### Task to complete
Copy out every line of the material below, character for character, apart from the pictures.

### Exercise data
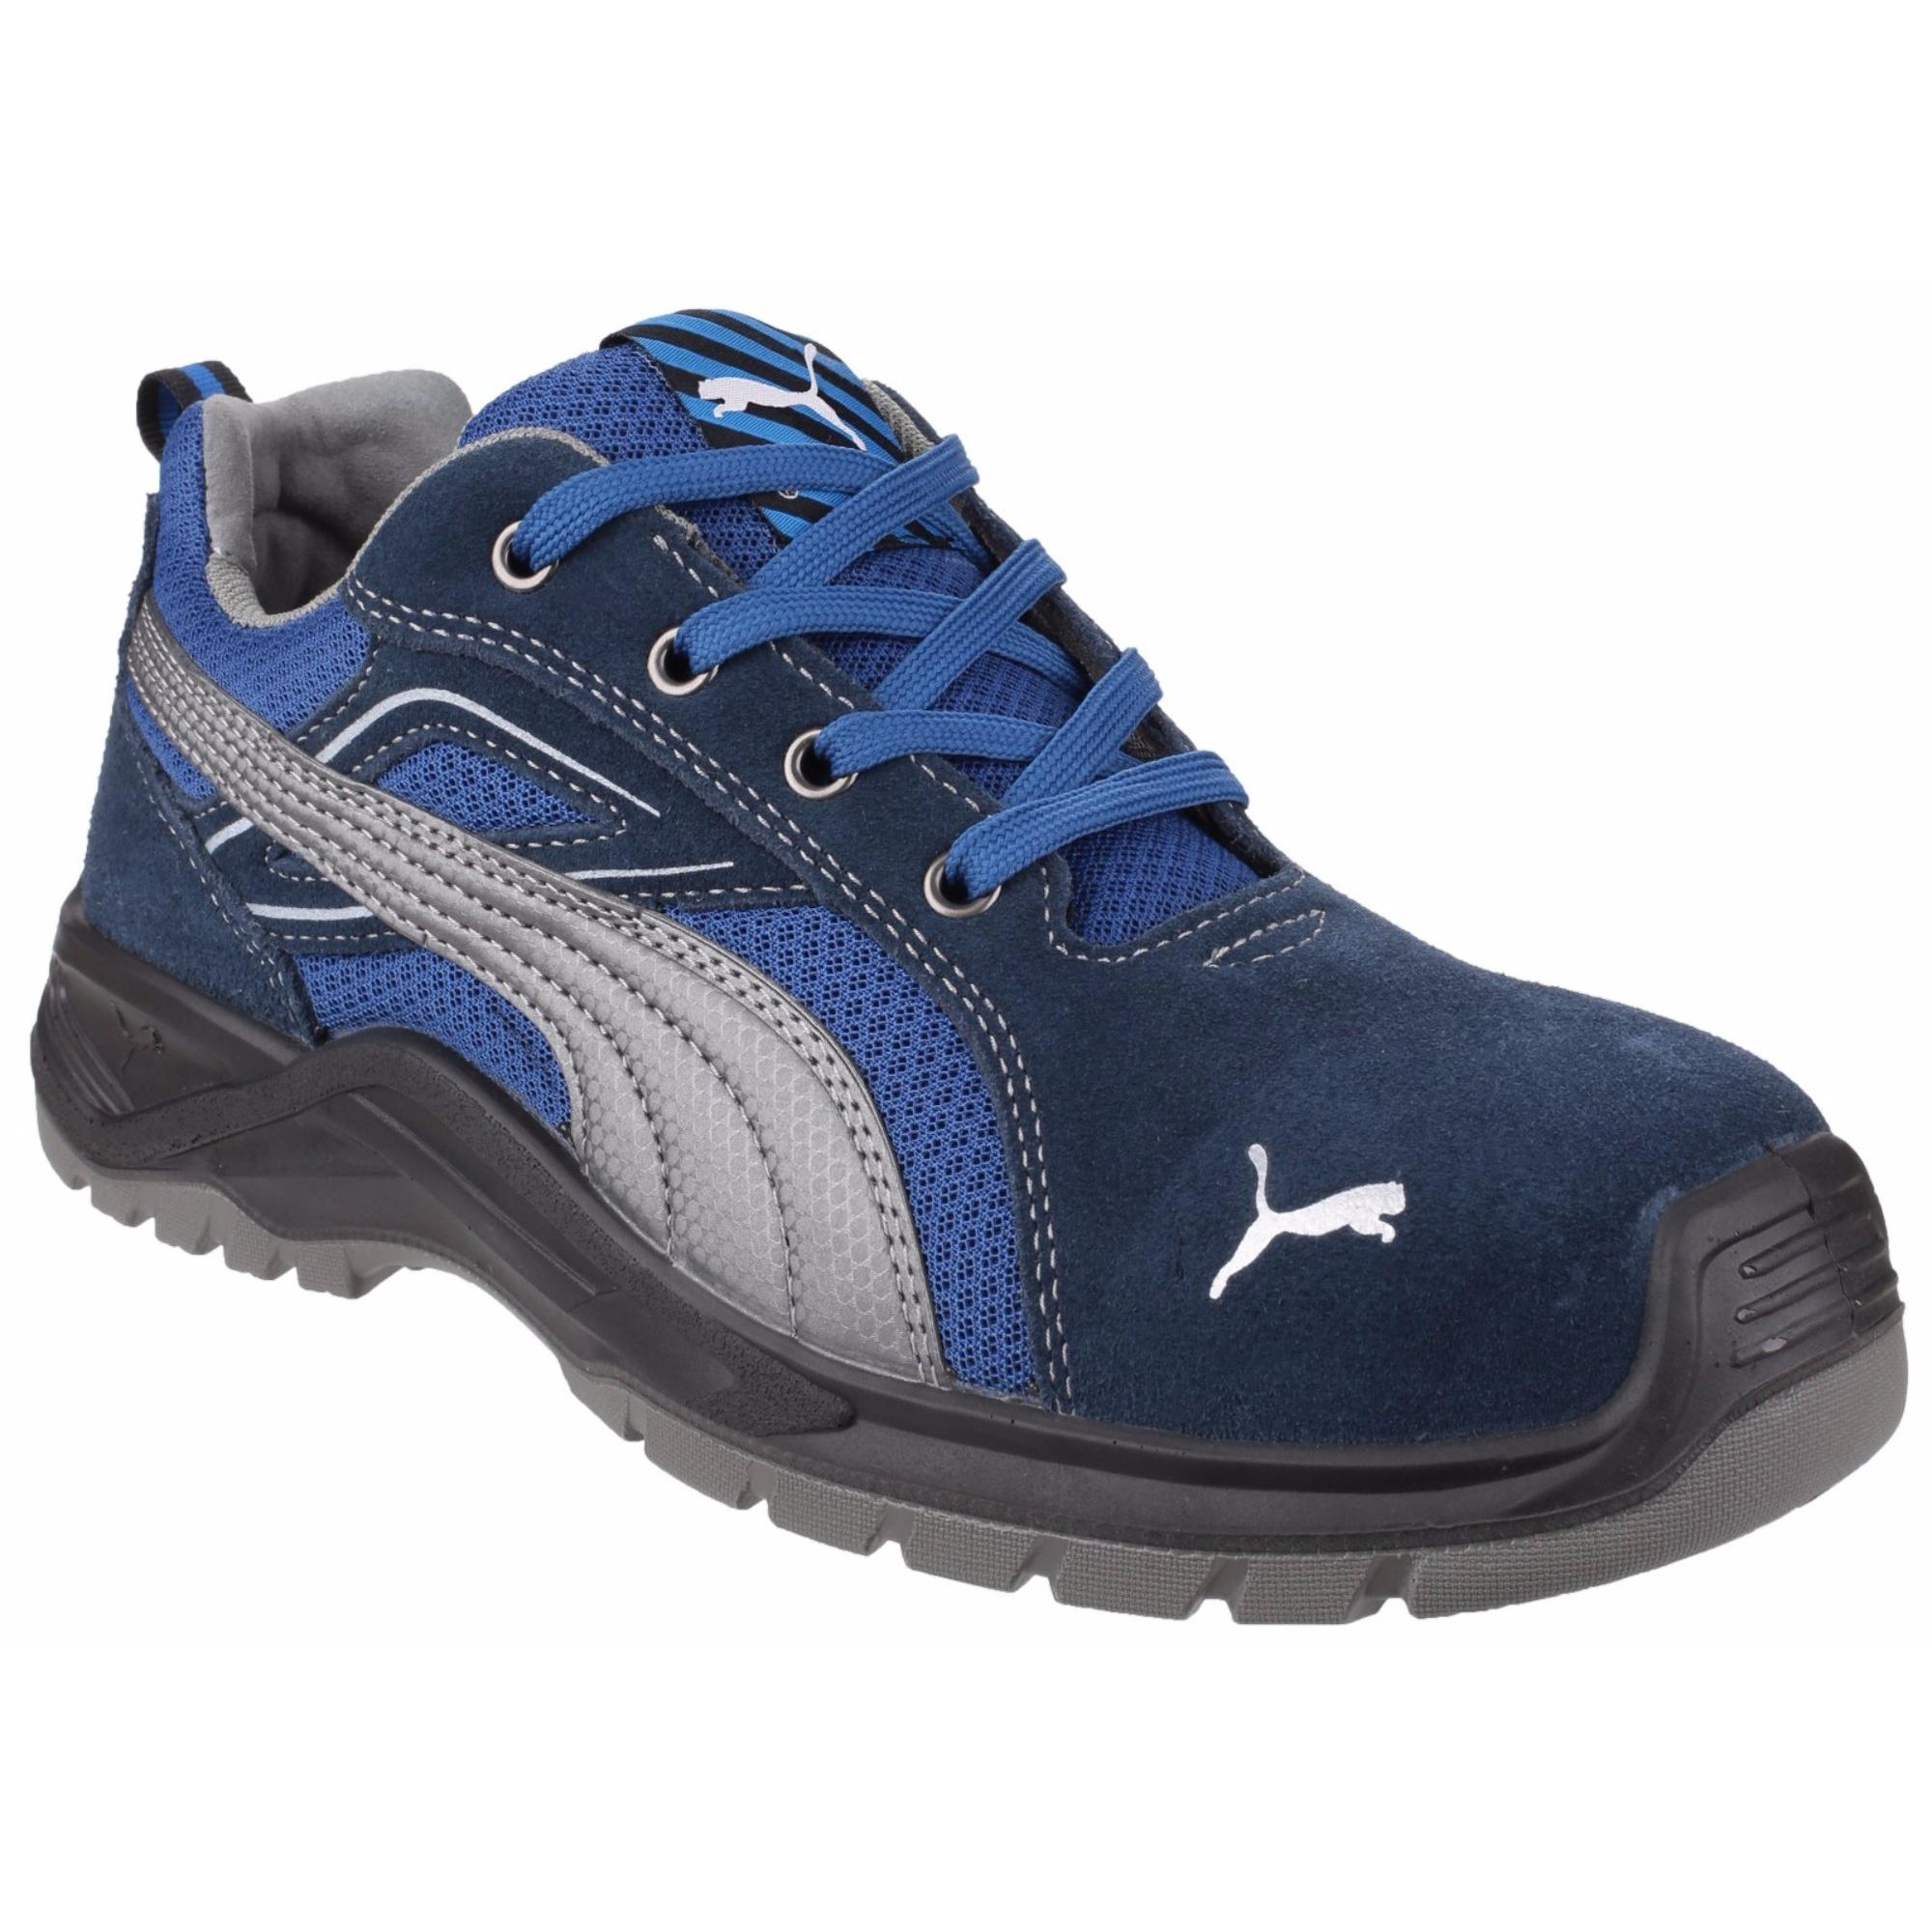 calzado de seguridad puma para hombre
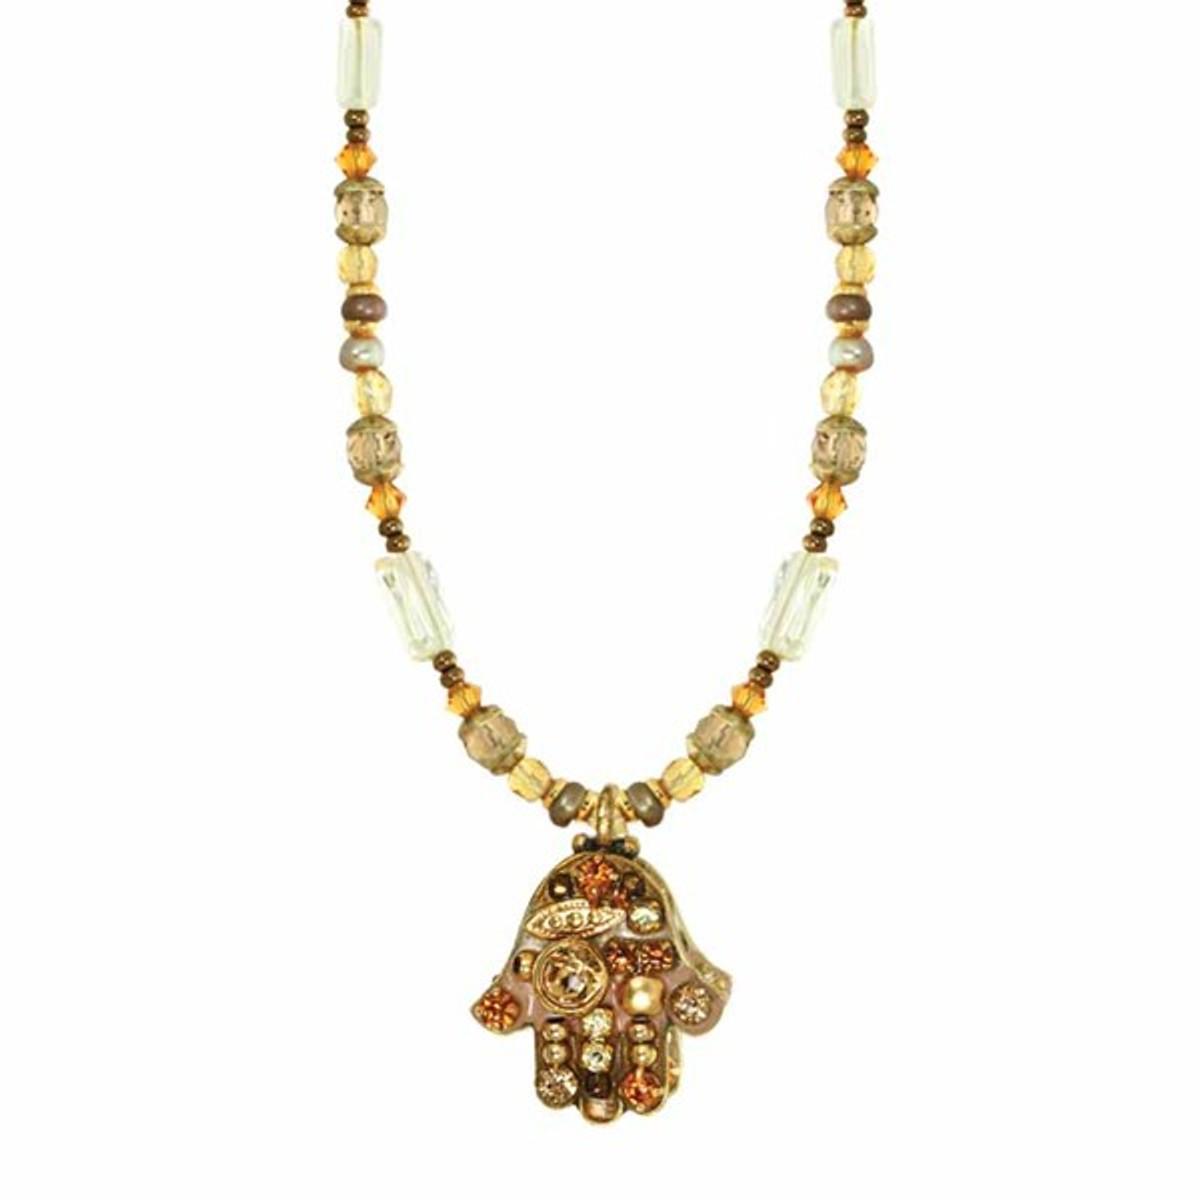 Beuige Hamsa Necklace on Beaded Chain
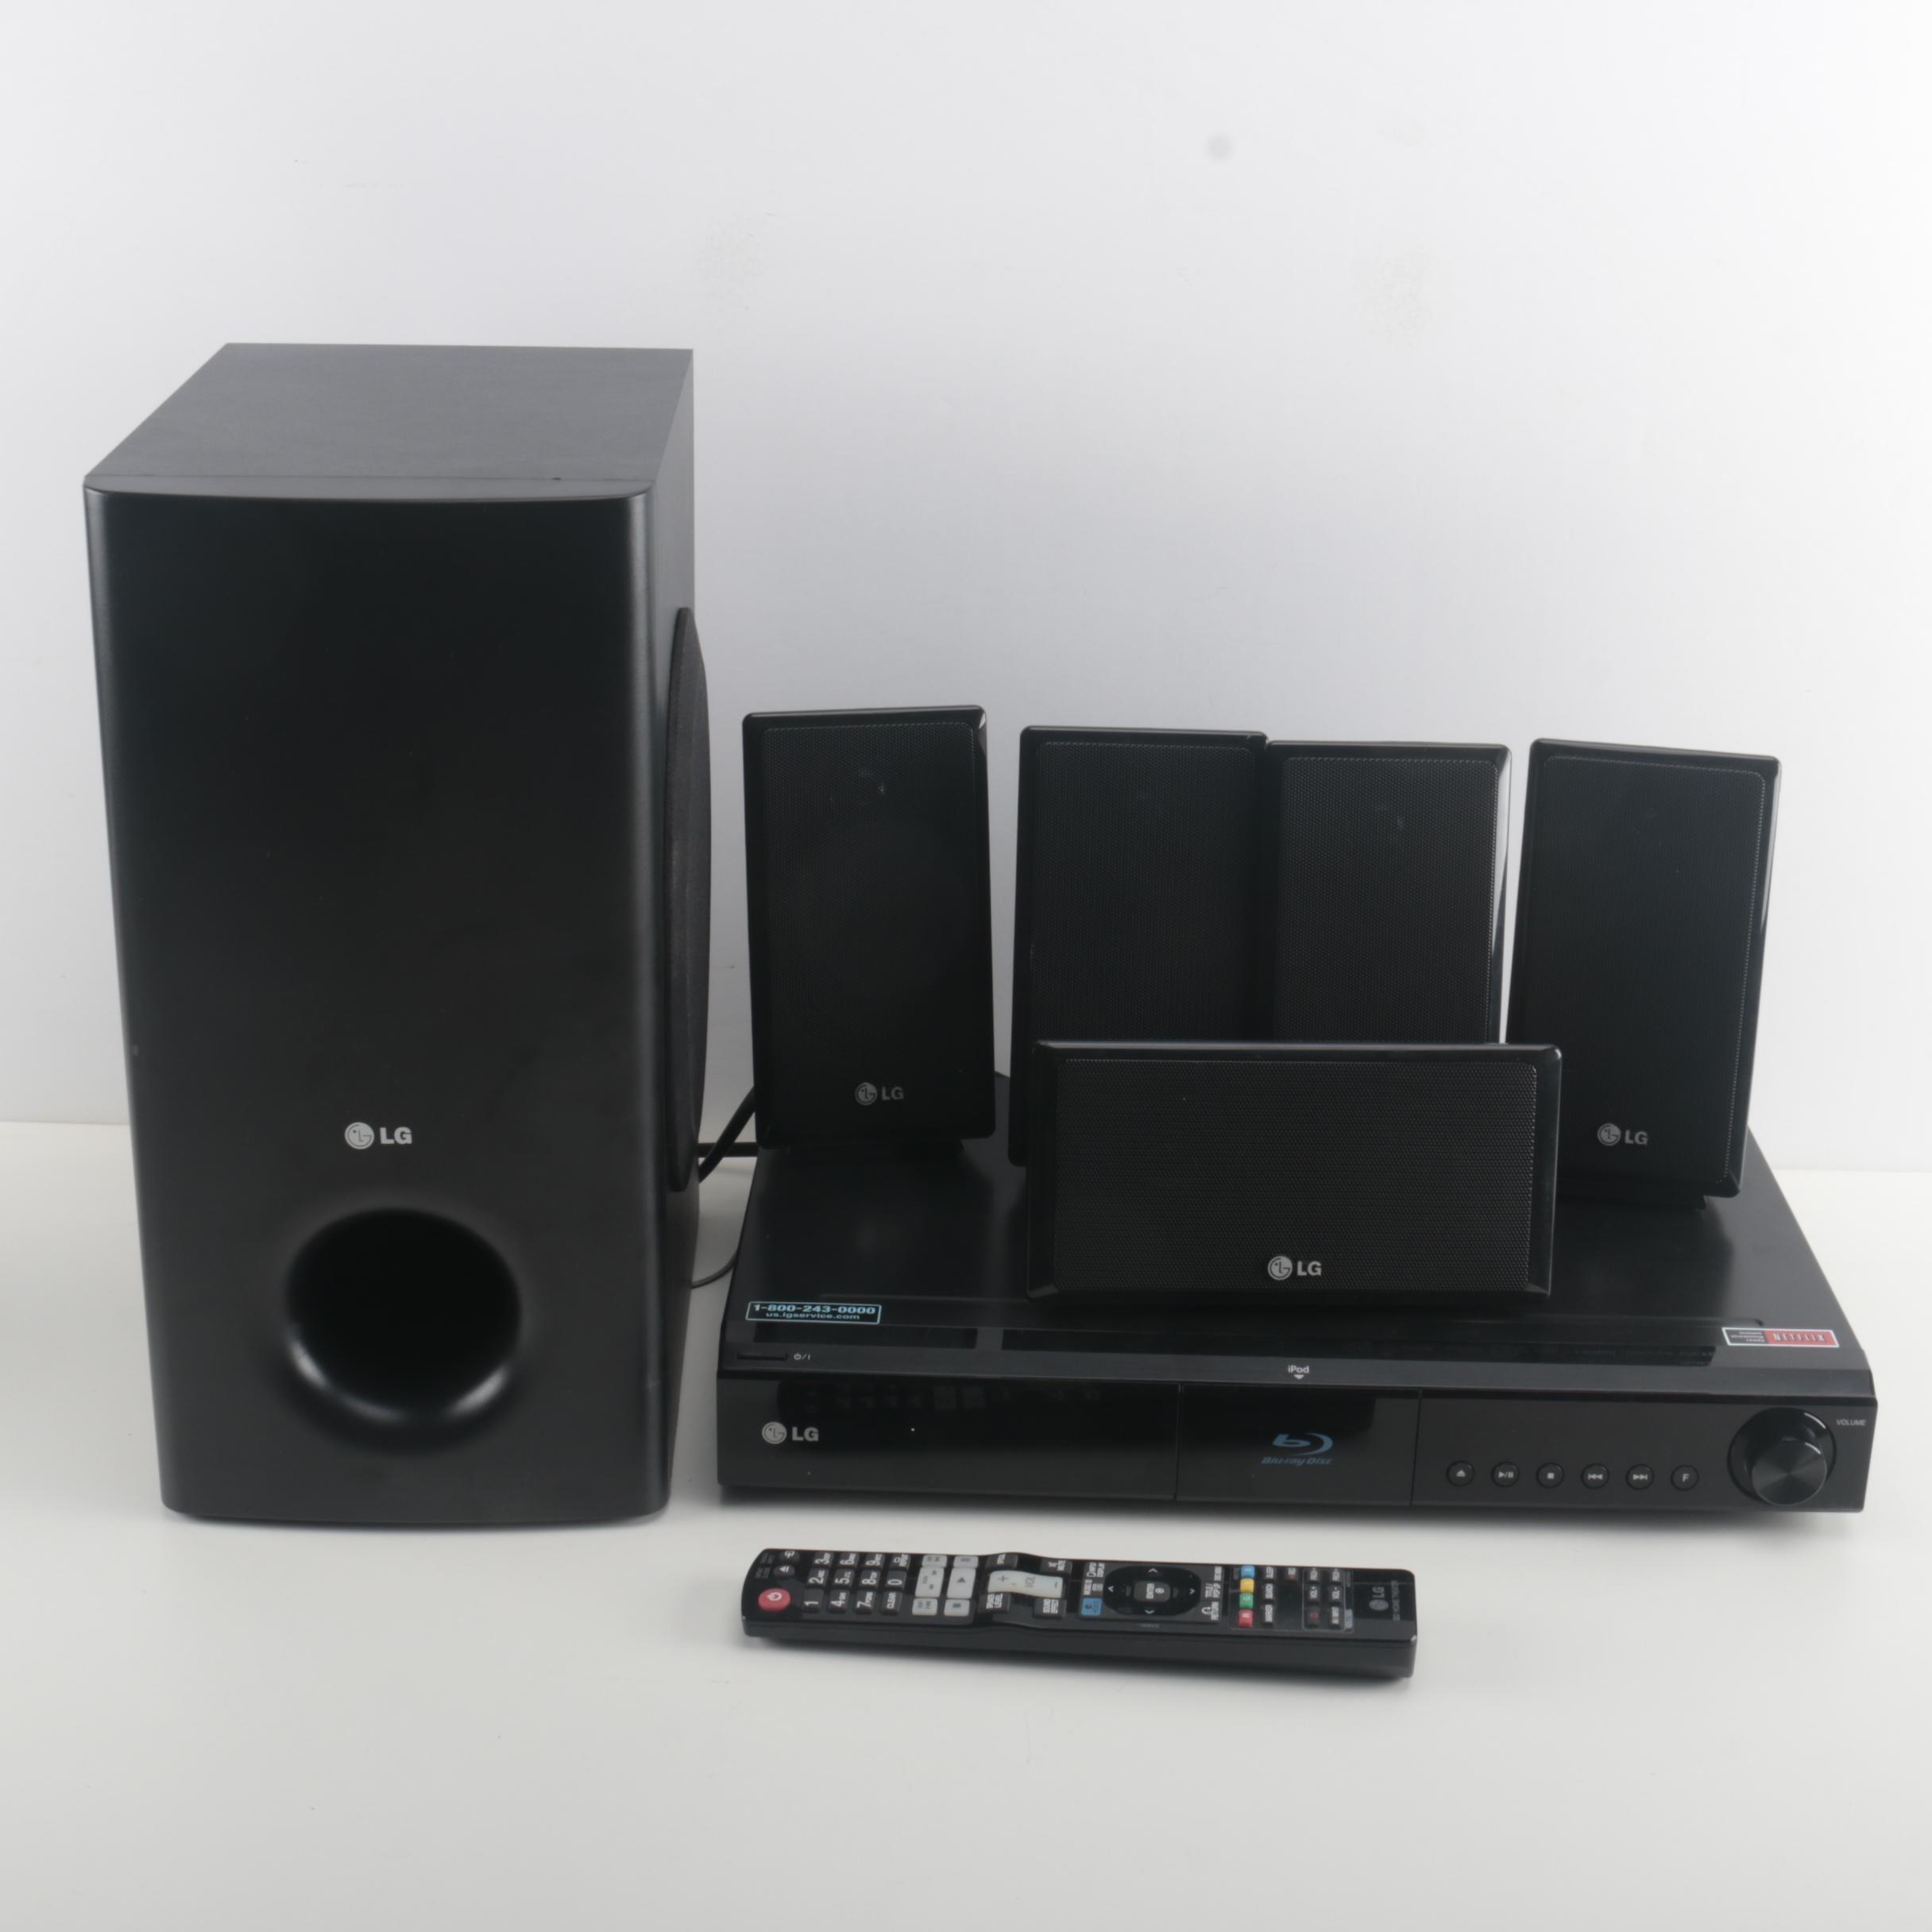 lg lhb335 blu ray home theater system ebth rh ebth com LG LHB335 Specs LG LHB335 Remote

### Result of this task
 calzado de seguridad puma para hombre
 Beuige Hamsa Necklace on Beaded Chain
 lg lhb335 blu ray home theater system ebth rh ebth com LG LHB335 Specs LG LHB335 Remote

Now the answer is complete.